Below that, as you can see in the picture above, you can create a set of users with various attributes. For our purposes we’ll just make two users, an admin and a regular user. Note how we provide the role admin to the admin user. We won’t be using this right away but keep it in mind as such roles allow us to fine-tune what different users are allowed to see and do in our app. In addition to these properties there are quite a few others we can use to configure our users; check them out here.

Now, let’s try to test out the UI again. Restart your server and try going to http://localhost:8080/fiori.html one more time. Enter in the username and password for one of our two users and see the result — we can successfully display our fiori.html file.

Conclusion

This brings us to the end of Part 2 of the Complete CAP Java Tutorial.
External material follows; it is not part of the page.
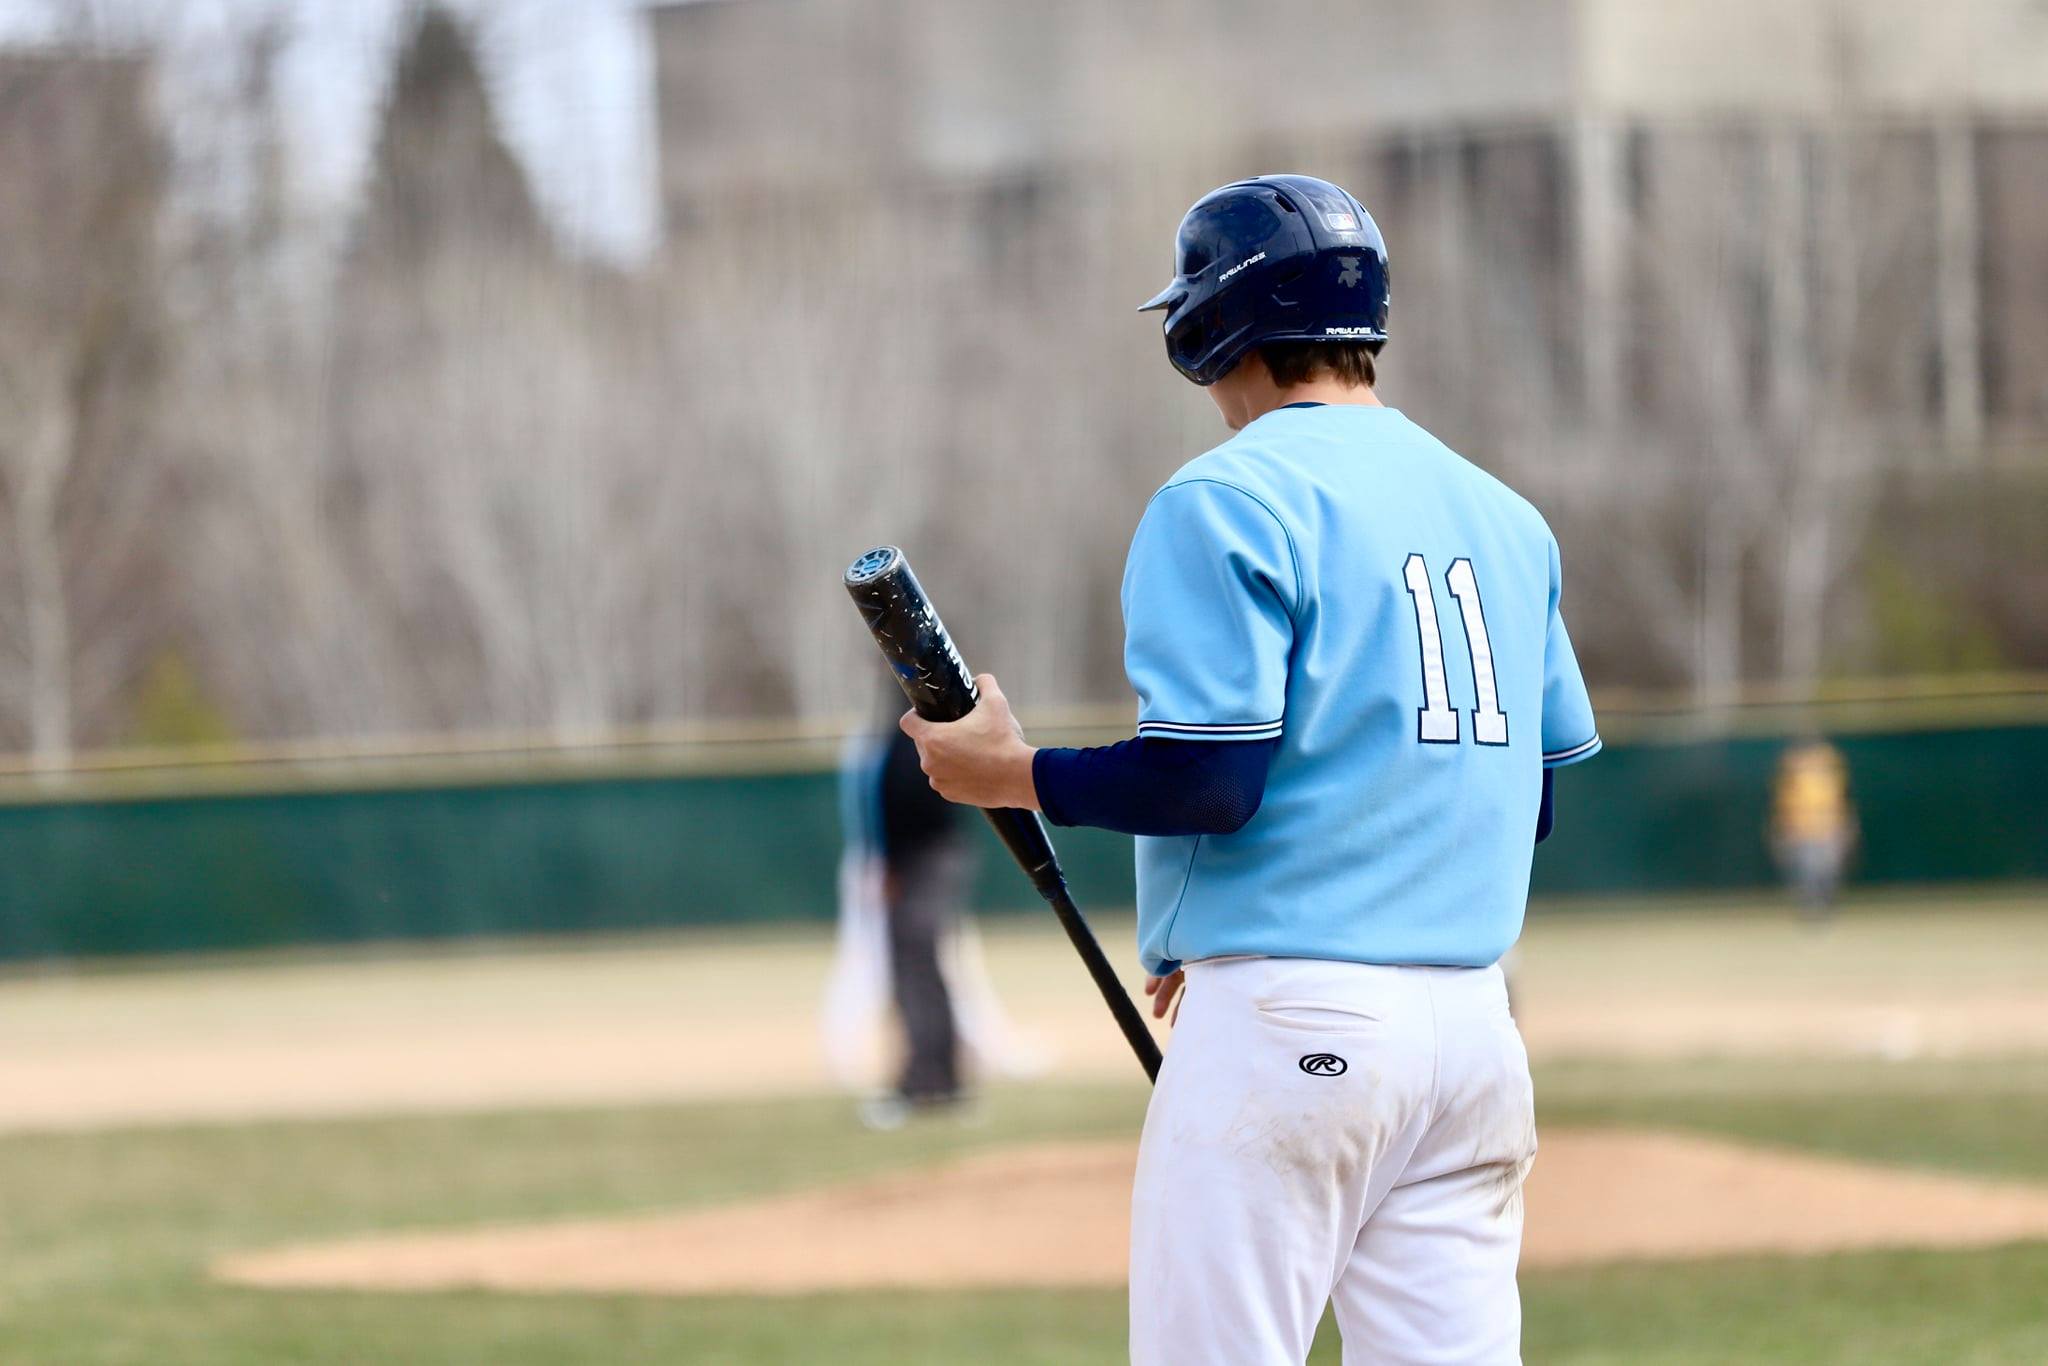 Dominating win, walk-off for Tritons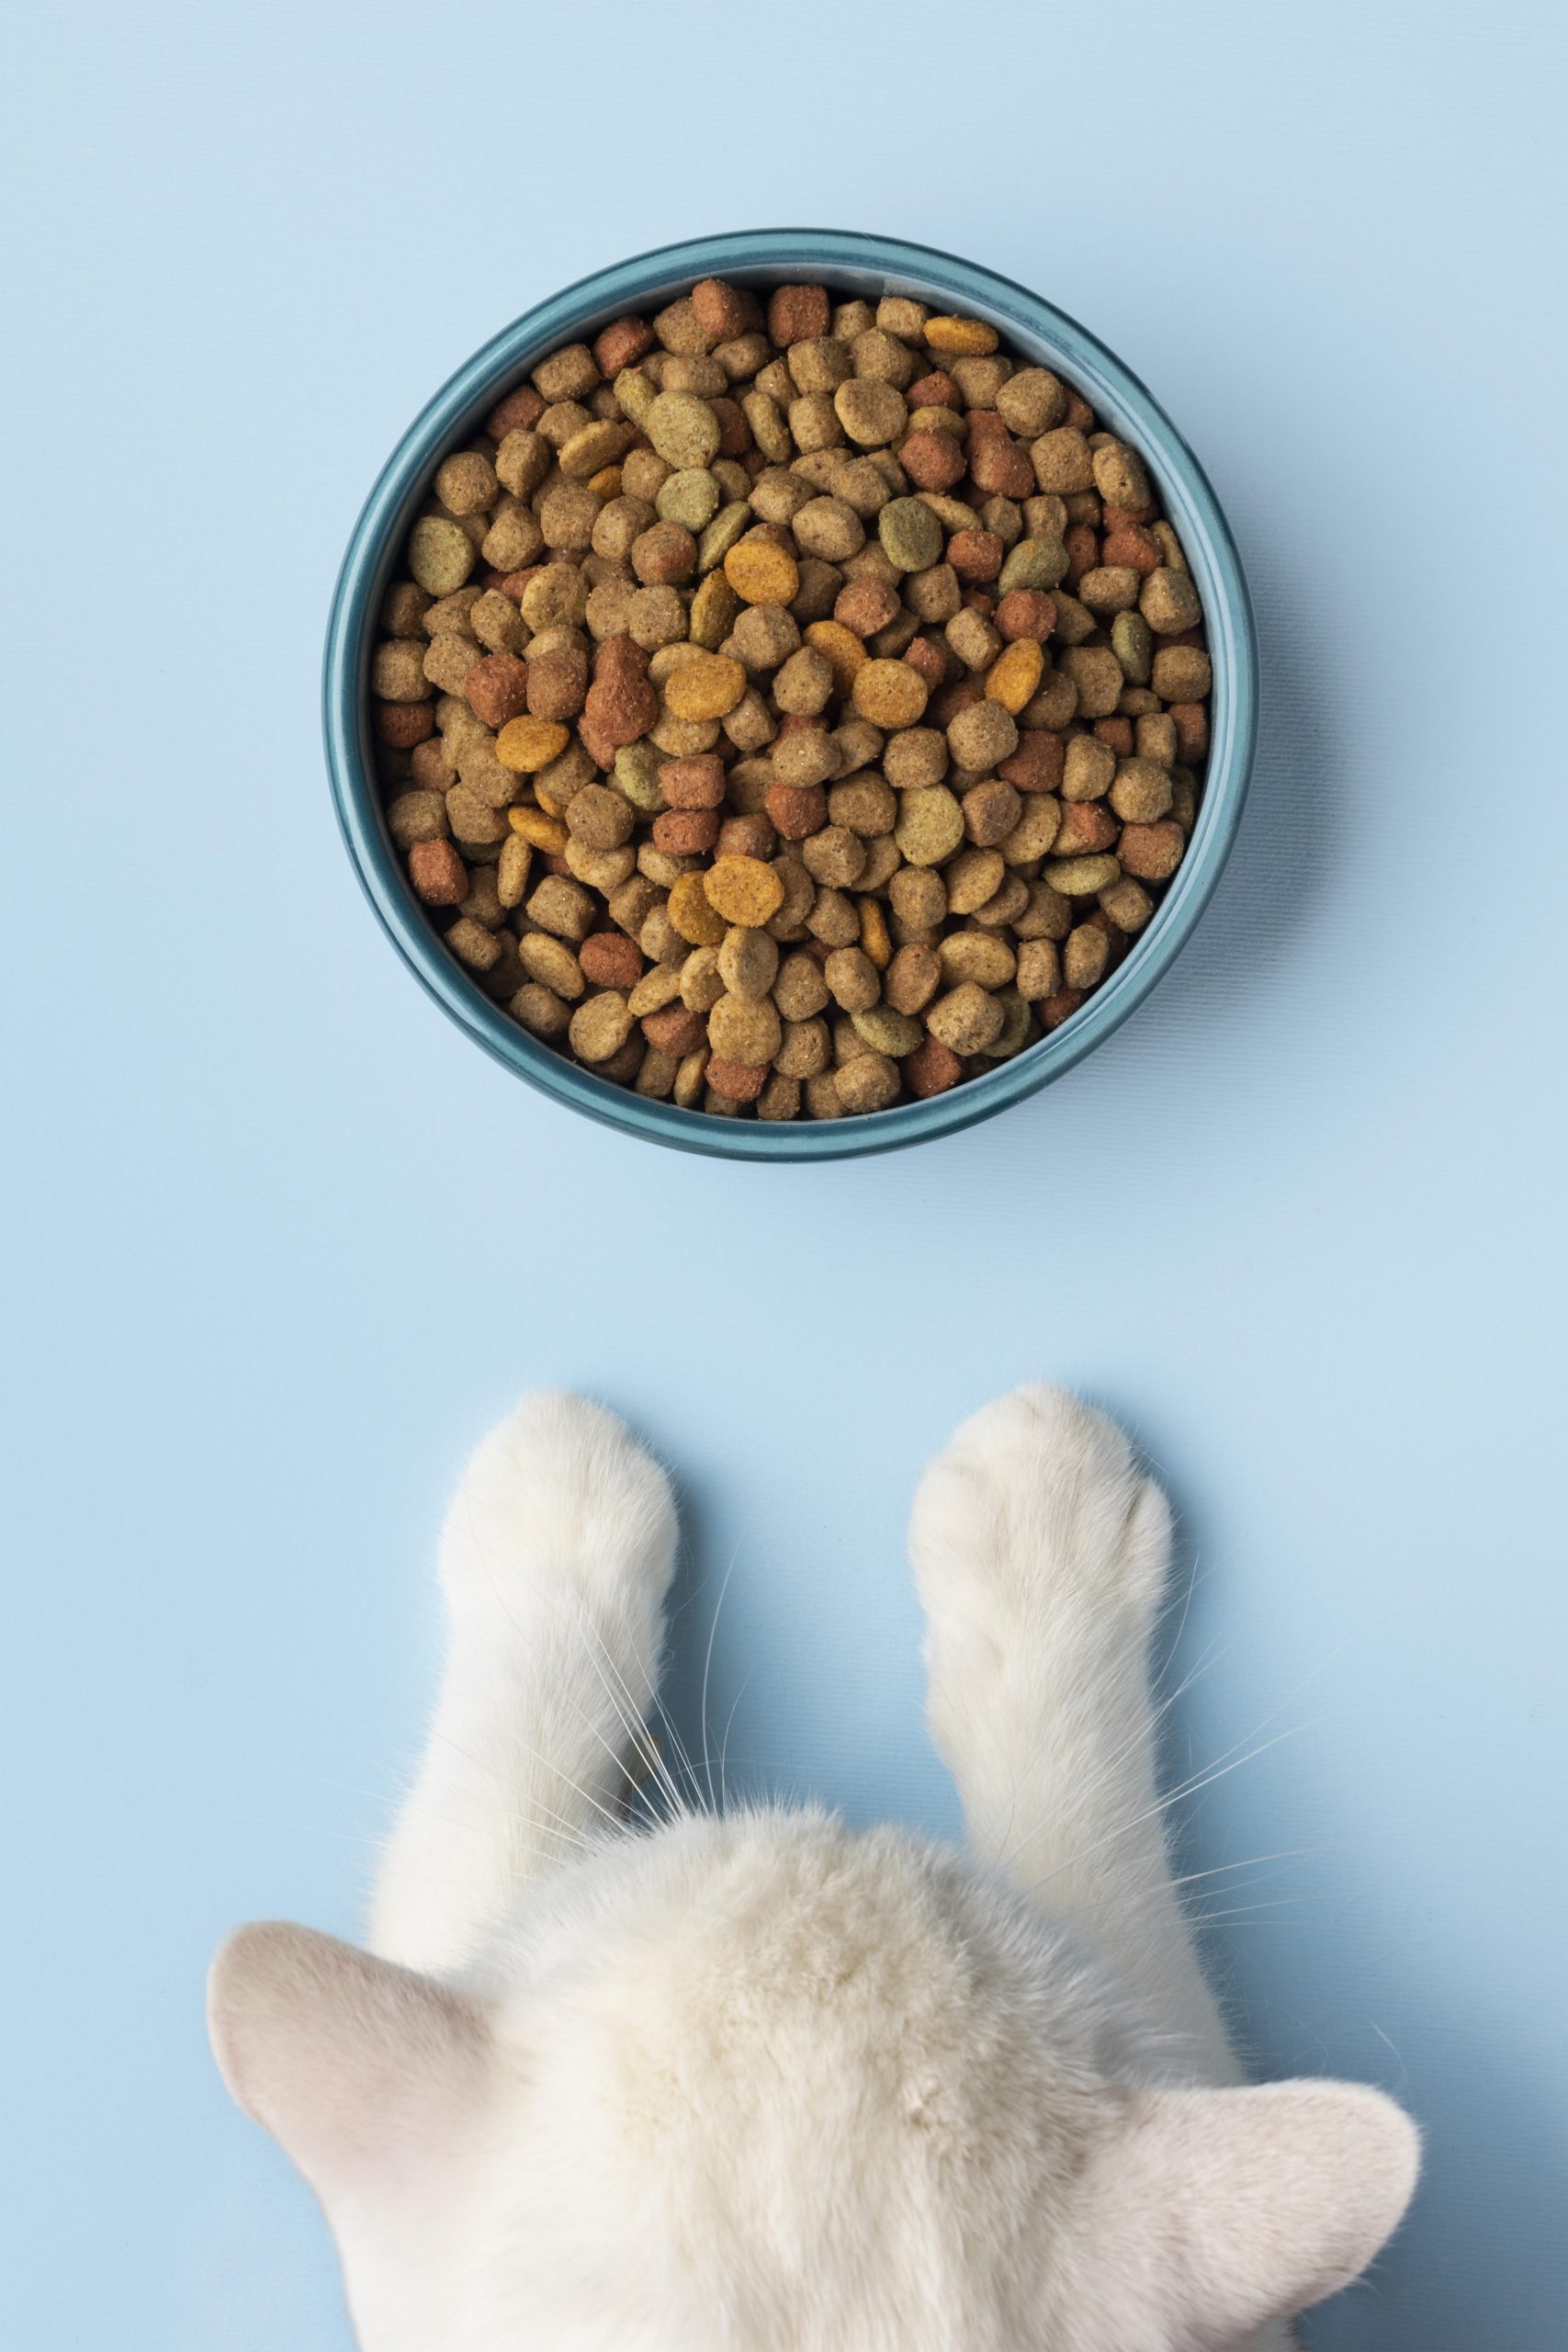 Cat Food Vs. Kitten Food: What's The Difference?

To recap, we learned how to set up CSV files to seed mock data to our database when we start up the app, how to configure our API’s URL and how to assign a custom endpoint for a service using CDS. We also configured our dev backend to serve static file from a specific folder so we don’t need two servers separate servers to handle backend and frontend, and we also learned how to set up mock users.

In next week’s installment we’ll take a deep dive into configuring Fiori Elements pages from scratch.

Was anything unclear in this tutorial? Leave a question below and I’ll get back to you as soon as possible. Was anything incorrect? Please leave a comment below and let me know (a source for the correction would be most helpful). Thanks for your comments!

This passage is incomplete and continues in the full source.